The Missouri in the Civil War Message Board

Loss of Estate

01. I have pretty good, but very sparse information concerning three relatives active in St. Louis, prior to, during, and after the rebellion. I want to restrict my question to a single individual [my great grandfather], but I believe that some of the facts concerning his brother-in-law and an associate connected by marriage, business and place of residence, hold some of the clues to solving the mysteries of what became of him.

02. The person in question was relatively well-to-do before the war, but by the time of his death in 1875 the obituary said: "Mr. E. A. Corbet, formerly a wholesale dealer in saddlery on Fourth Street between Locust and Vine streets, died ... Mr. Corbet met with great reverses about the close of the war which forced him to retire from business ..."

03. Before the war he owned 320 acres in Osage County. That is not a particularly large holding, but the larger facts present a different picture. On the day he purchased those 320 acres, he caused a comparable-adjoining plot of 320 acres to be purchased in his mother-in-law's name and a third adjoining 320-acre plot to be purchased in a brother-in-law's name. So, the truer picture is of 760 adjacent acres of good farm land.

04. During the war, owing to his age [45] and status in the community, he was made a Captain in the E.M.M. -- pretty certainly just an honorary commission -- he never truly served in any military campaigns.

05. But then the picture gets clouded. He would have fallen in the category of pro-Union, but very anti-abolition. [He named a son born in 1860 John Breckinridge, and almost certainly voted for the former Vice-President in that election.] He was a young man from Edinburgh, but all the relatives who accompanied him to St. Louis were solid Virginia-to-Louisville-to-St. Louis land holders with modest slave holdings.

06. Since he was a dealer in what was an important war commodity -- I think his company was a sub-contractor to his much more famous neighbor on Main St. -- Thornton Grimsley -- for the supply of harness and saddles, he would have had requests to supply to both the Union and the Confederacy. However, in the portfolio on him maintained by the Provost Marshal there was never any accusation of his 'playing both sides'. On the other hand. as soon as the newly-instituted Income Tax was initiated to finance the war, he and his firm seem to have been very hard hit by taxes -- they almost seem punitive in relation to what was being paid by far wealthier firms and individuals.

07. Then it gets worse, one brother-in-law was arrested by the Provost Marshall and thrown in Gratiot Prison for almost 100 days before being released on Parole after the posting of a rather hefty $10,000 Bond. That brother-in-law was only released based on the representations of my grandfather to cover the Bond. The Provost Marshal dossier on the brother-in-law would probably lead most unbiased observers to suspect he was indeed guilty of providing a channel of medical supplies to the South.

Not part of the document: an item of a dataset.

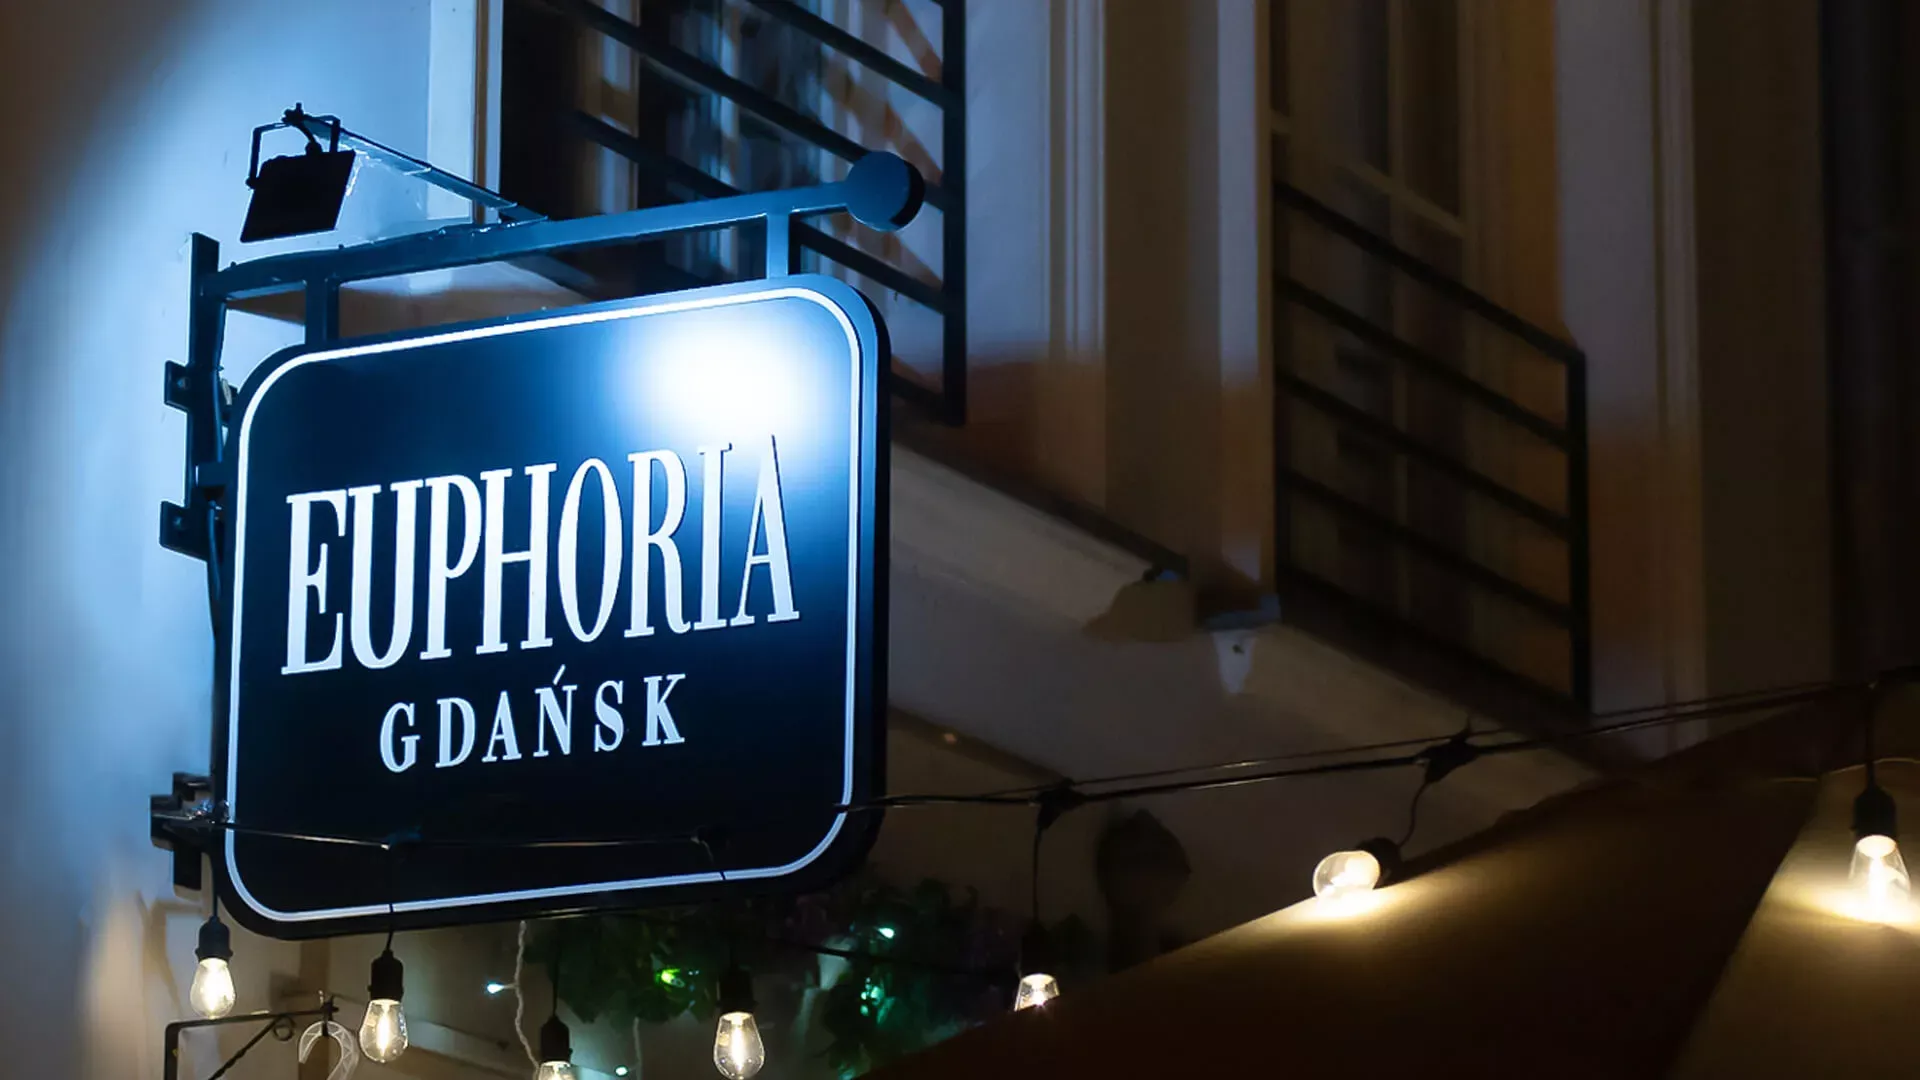 Euphoria Gdańsk - semafor prostopadły, dwustronny w kolorze czarnym z białymi literami w nocy

08. And finally, the person I mentioned as being closely related by marriage, and in the business community, was a West Point graduate with known Southern sympathies, whose mail was intercepted by the government for he was known to be a high-ranking member of the Knights of the Golden Circle, and was in fact, at the outset of the war designated in writing by General Price to be one of the persons who would negotiate exchanges of prisoners with General Fremont. That person, Colonel Robert Mary Renick, however, came into 1860 wealthy, powerful and well-respected, and exited the war wealthy, powerful and well-respected.

09. So, with all that background, the questions I have are:

a. Are there known cases in which fines for 'being on the wrong side' resulted in either a government confiscation of deeded lands, or a forced sale with the proceeds going to the government?

b. After the war, upon decease of the three persons who each owned 320 acres in Osage, there is nothing left in the wills, estates or any family remembrances. I am in California, so I cannot travel to the Circuit Court in Linn to try to track down what records must exist for the disposition of the property. I also cannot afford to pay some researcher to do that tracking. Can anyone suggest any on-line, or at least remotely-accessible manner to 'follow the money'?

c. I have begun to do a lot of reading, and obviously have much more to do; can anyone suggest any material that relates to specific examples of the economic consequences of the period of Marshal Law in St. Louis for persons named in the Provost Marshal catalog of 'Disloyal Persons'?